* **Material shown**
------------------------------
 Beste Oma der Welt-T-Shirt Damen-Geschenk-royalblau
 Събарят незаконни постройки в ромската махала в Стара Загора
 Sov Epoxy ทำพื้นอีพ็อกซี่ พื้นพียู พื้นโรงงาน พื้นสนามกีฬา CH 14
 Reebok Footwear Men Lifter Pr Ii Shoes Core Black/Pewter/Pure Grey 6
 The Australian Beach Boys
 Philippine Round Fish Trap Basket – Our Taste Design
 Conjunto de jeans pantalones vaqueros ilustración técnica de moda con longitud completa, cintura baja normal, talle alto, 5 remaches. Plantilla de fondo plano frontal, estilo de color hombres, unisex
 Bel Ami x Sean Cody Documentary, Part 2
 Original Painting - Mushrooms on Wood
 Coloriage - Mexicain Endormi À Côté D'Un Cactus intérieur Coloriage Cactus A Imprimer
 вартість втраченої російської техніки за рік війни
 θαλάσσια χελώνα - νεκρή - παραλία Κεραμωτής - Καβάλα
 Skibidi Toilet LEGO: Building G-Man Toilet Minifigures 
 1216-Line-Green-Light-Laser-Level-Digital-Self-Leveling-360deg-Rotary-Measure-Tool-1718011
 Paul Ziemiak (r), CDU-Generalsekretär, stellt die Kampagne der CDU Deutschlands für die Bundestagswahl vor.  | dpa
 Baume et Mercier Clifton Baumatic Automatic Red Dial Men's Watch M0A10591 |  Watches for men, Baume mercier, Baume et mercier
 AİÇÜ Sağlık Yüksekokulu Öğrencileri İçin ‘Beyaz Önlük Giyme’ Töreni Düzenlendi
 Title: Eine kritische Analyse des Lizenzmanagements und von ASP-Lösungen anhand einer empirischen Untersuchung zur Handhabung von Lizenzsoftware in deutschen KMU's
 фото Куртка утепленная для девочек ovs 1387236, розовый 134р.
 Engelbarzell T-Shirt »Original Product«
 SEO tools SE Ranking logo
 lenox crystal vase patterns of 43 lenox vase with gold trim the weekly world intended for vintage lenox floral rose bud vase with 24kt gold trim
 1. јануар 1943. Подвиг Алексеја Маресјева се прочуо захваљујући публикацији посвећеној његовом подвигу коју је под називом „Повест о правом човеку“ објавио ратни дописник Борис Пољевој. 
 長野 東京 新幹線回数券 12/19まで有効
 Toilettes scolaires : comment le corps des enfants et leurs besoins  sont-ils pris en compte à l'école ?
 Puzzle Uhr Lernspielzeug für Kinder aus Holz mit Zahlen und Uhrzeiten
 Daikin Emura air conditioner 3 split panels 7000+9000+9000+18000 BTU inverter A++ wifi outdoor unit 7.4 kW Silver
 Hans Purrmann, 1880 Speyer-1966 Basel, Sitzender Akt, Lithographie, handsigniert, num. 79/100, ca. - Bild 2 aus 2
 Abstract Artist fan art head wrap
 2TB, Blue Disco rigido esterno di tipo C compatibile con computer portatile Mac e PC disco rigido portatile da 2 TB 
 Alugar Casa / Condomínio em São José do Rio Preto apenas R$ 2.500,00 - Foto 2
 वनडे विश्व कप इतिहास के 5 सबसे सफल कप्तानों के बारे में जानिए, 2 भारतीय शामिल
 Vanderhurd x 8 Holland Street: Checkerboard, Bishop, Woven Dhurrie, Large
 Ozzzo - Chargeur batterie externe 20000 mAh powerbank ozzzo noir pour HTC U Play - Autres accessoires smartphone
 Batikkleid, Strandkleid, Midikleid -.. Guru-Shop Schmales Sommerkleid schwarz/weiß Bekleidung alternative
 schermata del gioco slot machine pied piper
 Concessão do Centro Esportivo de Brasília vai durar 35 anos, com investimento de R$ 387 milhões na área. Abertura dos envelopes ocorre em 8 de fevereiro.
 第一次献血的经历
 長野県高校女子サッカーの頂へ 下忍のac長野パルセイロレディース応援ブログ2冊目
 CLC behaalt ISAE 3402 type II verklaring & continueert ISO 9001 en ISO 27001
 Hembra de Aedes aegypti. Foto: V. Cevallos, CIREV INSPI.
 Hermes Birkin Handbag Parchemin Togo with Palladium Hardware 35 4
------------------------------
Your task for the entries above: copy exactly the span starting with the line with "Skibidi Toilet LEGO: Building" and going on through the line with "Daikin Emura air", both lines included, and nothing else.

* **Task result**
 Skibidi Toilet LEGO: Building G-Man Toilet Minifigures 
 1216-Line-Green-Light-Laser-Level-Digital-Self-Leveling-360deg-Rotary-Measure-Tool-1718011
 Paul Ziemiak (r), CDU-Generalsekretär, stellt die Kampagne der CDU Deutschlands für die Bundestagswahl vor.  | dpa
 Baume et Mercier Clifton Baumatic Automatic Red Dial Men's Watch M0A10591 |  Watches for men, Baume mercier, Baume et mercier
 AİÇÜ Sağlık Yüksekokulu Öğrencileri İçin ‘Beyaz Önlük Giyme’ Töreni Düzenlendi
 Title: Eine kritische Analyse des Lizenzmanagements und von ASP-Lösungen anhand einer empirischen Untersuchung zur Handhabung von Lizenzsoftware in deutschen KMU's
 фото Куртка утепленная для девочек ovs 1387236, розовый 134р.
 Engelbarzell T-Shirt »Original Product«
 SEO tools SE Ranking logo
 lenox crystal vase patterns of 43 lenox vase with gold trim the weekly world intended for vintage lenox floral rose bud vase with 24kt gold trim
 1. јануар 1943. Подвиг Алексеја Маресјева се прочуо захваљујући публикацији посвећеној његовом подвигу коју је под називом „Повест о правом човеку“ објавио ратни дописник Борис Пољевој. 
 長野 東京 新幹線回数券 12/19まで有効
 Toilettes scolaires : comment le corps des enfants et leurs besoins  sont-ils pris en compte à l'école ?
 Puzzle Uhr Lernspielzeug für Kinder aus Holz mit Zahlen und Uhrzeiten
 Daikin Emura air conditioner 3 split panels 7000+9000+9000+18000 BTU inverter A++ wifi outdoor unit 7.4 kW Silver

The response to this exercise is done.